Dead cells has something called assist mode. Doesn’t disable achievements or anything. Personally I use it as a second chance, the only setting I’ve touched is lives. Normally in the game you die, get sent back the start. With assist mode you can respawn (either at the level start or door you crossed). I usually have it on one life extra to avoid the “that was so bullshit” deaths but still keep death an actual consequence
It also has some stuff like bigger parry windows, lower enemy health and damage.
IMO it’s great because people can make the game as causal and forgiving as you want
Those are great because they don’t change the nature of the game. You just adjust the difficulty of the self-imposed challenge. It’s still essentially the same experience. If you ruin the game for yourself by setting it too easy that’s on you.
When people say stuff like “I just want to explore Elden Ring”, that’s like watching behind-the-scenes content or looking at a concept art book of a movie without watching the movie. It can be enjoyable but it’s not a complete experience, you’re missing the original context entirely. I wish people realized that.
I agree with you in that people are missing out but I’m of the mind that if that’s how they want to play the game, let them. Back to dead cells, there’s also a mechanic called aspects where the game will warn you that achievements are disabled and it may make the game too easy (maybe idr if actually tells you or just implies it). So they partially or completly remove challenge. But some people don’t want to challenge themselves they just want to nuke rooms. And I’ve done that few times and being an unstoppable force of nature via abilities can be fun
Another example is settlements with my buddy in no man’s sky. Yes he’s missing out on game content such as all building and timers wand watching the settlement grow. But he just doesn’t find that fun but rather building intricate bases and structures
Where you say people can ruin the challenge by making it too easy 1000% agree. In dead cells nothings changing me from setting that one extra life I get, to unlimited, effectively bashing my head against a level or boss till I clear, leaving death with no consequence and as such, making it so I don’t have to git gud. My comfort zone is difficult, but a little room for error
As for the part of easy mode or just exploring is like behind the scenes content or art books, I’m gonna have to disagree. Maybe I’m taking that to literally or missing something but I’d consider those supplemental to the original media. Like I don’t need to see a behind the scenes video to enjoy Skyrim, maybe I’ll pay more active attention to level design or how things are place to draw attention.
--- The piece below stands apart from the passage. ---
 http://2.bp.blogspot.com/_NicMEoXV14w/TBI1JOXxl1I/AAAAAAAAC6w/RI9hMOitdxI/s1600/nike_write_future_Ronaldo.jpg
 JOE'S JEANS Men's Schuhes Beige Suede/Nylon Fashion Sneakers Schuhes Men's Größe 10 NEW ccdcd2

But I can still fully enjoy the city of Whiterun without knowing the city was designed to route you through the shopping district, through the temple and up the castle.
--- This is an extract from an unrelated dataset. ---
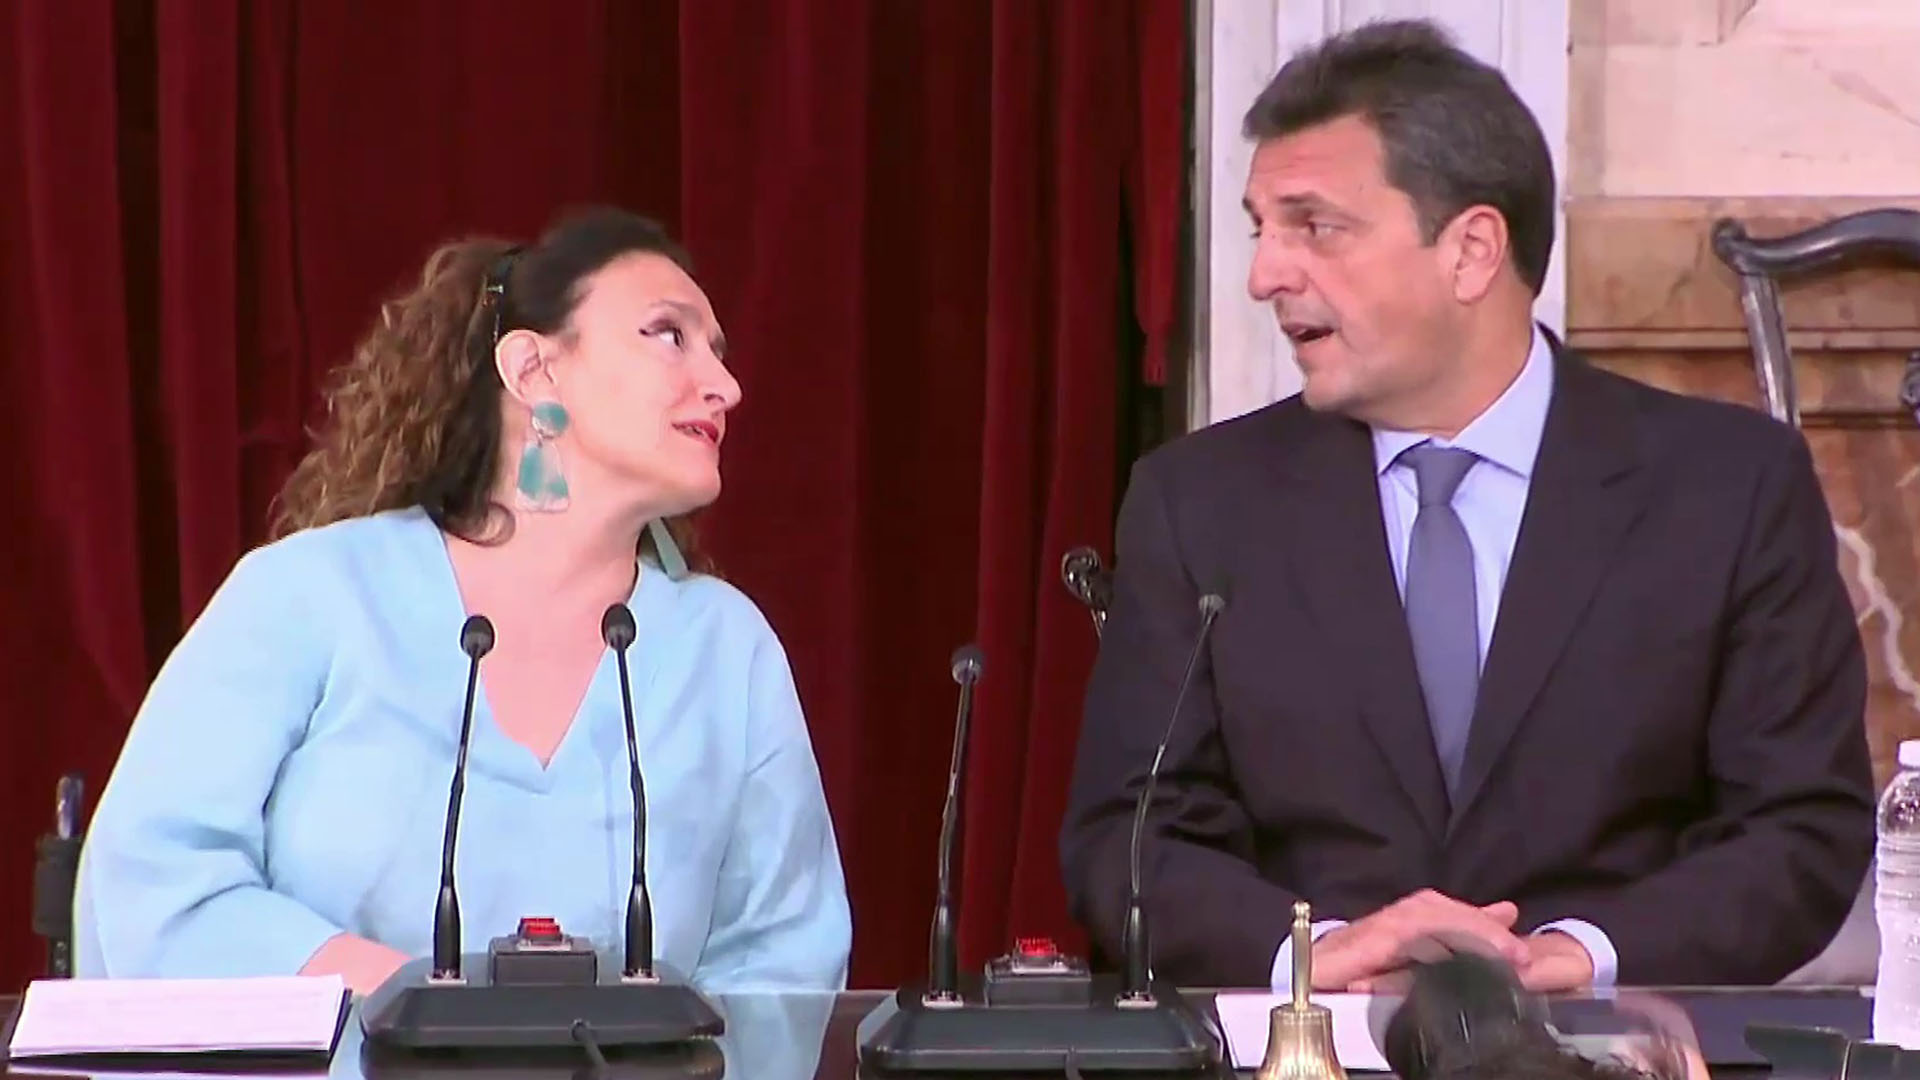 Gabriela Michetti y Sergio Massa, flamante titular de la Cámara baja

I see it more as a different approach or focus. People who value exploration want that to be the focus rather than having a super tough fight. Some people want both, where that super tough fight is part of the journey see what’s across that clearing over there
TLDR, it’s about finding that sweet spot between challenging and comfortable people ARE missing content but it’s a trade off for what they find enjoyable
Edit: this kinda turned into a rant, hopefully it makes sense
TL;DW: Mark lays out 3 reasons why a game dev might choose to make a game challenging, discusses why it is difficult to balance difficulty, and then talks about how Silksong balances difficulty by always giving players another path to explore when they hit a boss that seems impossible.